Monday, April 28, 2008

Euro Blues

Wanna know who got 'em? An abject idiot by the name of Diane Johnson

In our family, with a great feeling of sacrifice, we first stopped ordering mineral water in resaurants, saving as much as 4 euros an outing! This turns out to be everyones' first strategem, [sic] and it doesnt make a dent. Then we calculated that cutting out one one restaurant meal would save $200 a week, or $800 a month!
These are people too stupid to have tried to wangle their income from their employers in Euros since 2006, and apparently, we're supposed to care. This is also someone who imagines herself a responsible parent – bringing life into the world, and then spending $800 a month, more than the average SMIcard lives off of, just dining out.

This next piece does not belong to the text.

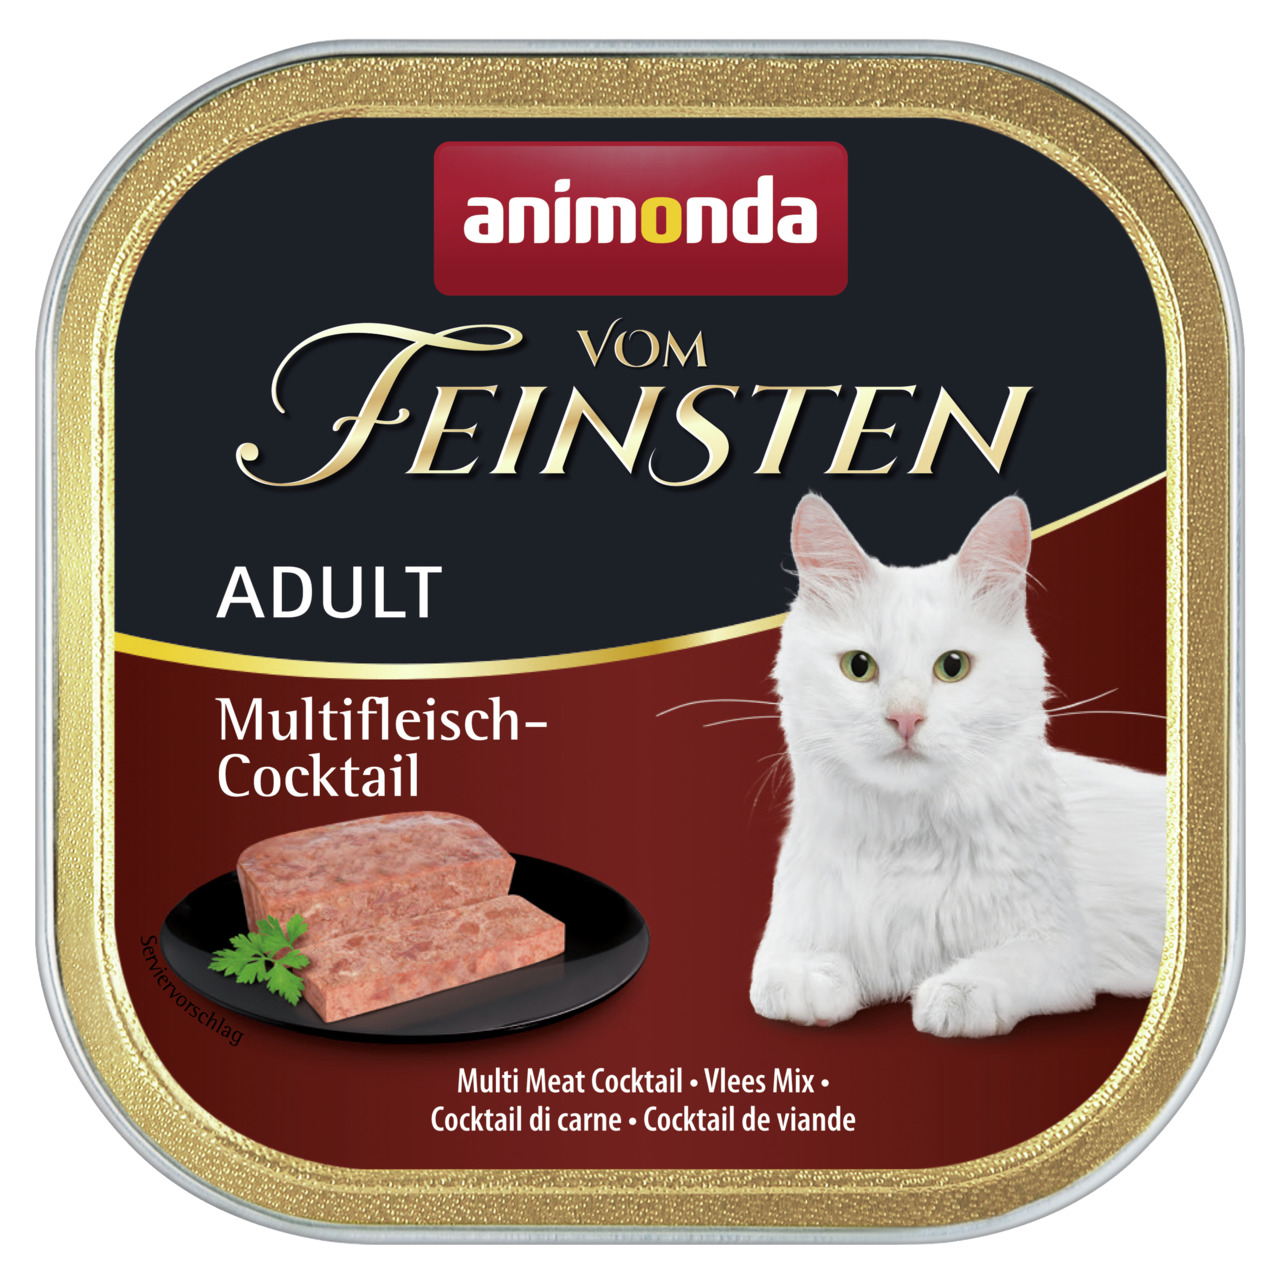 Sparpaket 8 x 100 g Animonda vom Feinsten Adult Multifleisch-Cocktail Katzen Nassfutter

And the imagined petty aristocrat reader of the Washington Post is supposed to care – in fact care so much, that we should deal with this family's inflexibility in employment to un-emply people in Ohio, a place leftist used to whine were forced to eat their young in Youngstown for lack of industrial jobs. Now that the dollar is of a value that they can actually punch bolts, all of that has to stop for the sake of this hosebag's perceived understanding of cuisine, and the her ignorance of the plonk she's drinking.

These people, this morally repugnant elite, more than anything are responsible for the United States' image in the world.

The irony is that her self-absorbed screed appears on the same page as a story entitled “What Can They Buy? A good bit of Us.” as if to be punctuated with the shock that people are coming to the US to buy iPods, earth-moving equipment, and steel, and that it must be stopped for fear of someone having one of those jobs that leftists couldn't demand by demanding, pretending to care about them, in spite of supply and demand.

Diane Johnson – for the sake of 2 of my cousins who raise their kids happily on what they earn at Wal*Mart, stay in France, and keep your theories from impoverishing them, me, and all the other productive people who might notice much earlier than you that they're pissing away $800 a month in bars and restaurants in a paved terroire.

From the same edition of the Washington Post: the received wisdom that the the sause of the rising cause of oil is... the rising cost of oil, but not the casue of the rising cost of food, for which fuel is the greatest single input, especially if you're trying to transport it to hungry people.

Little tiny violins, Johnson.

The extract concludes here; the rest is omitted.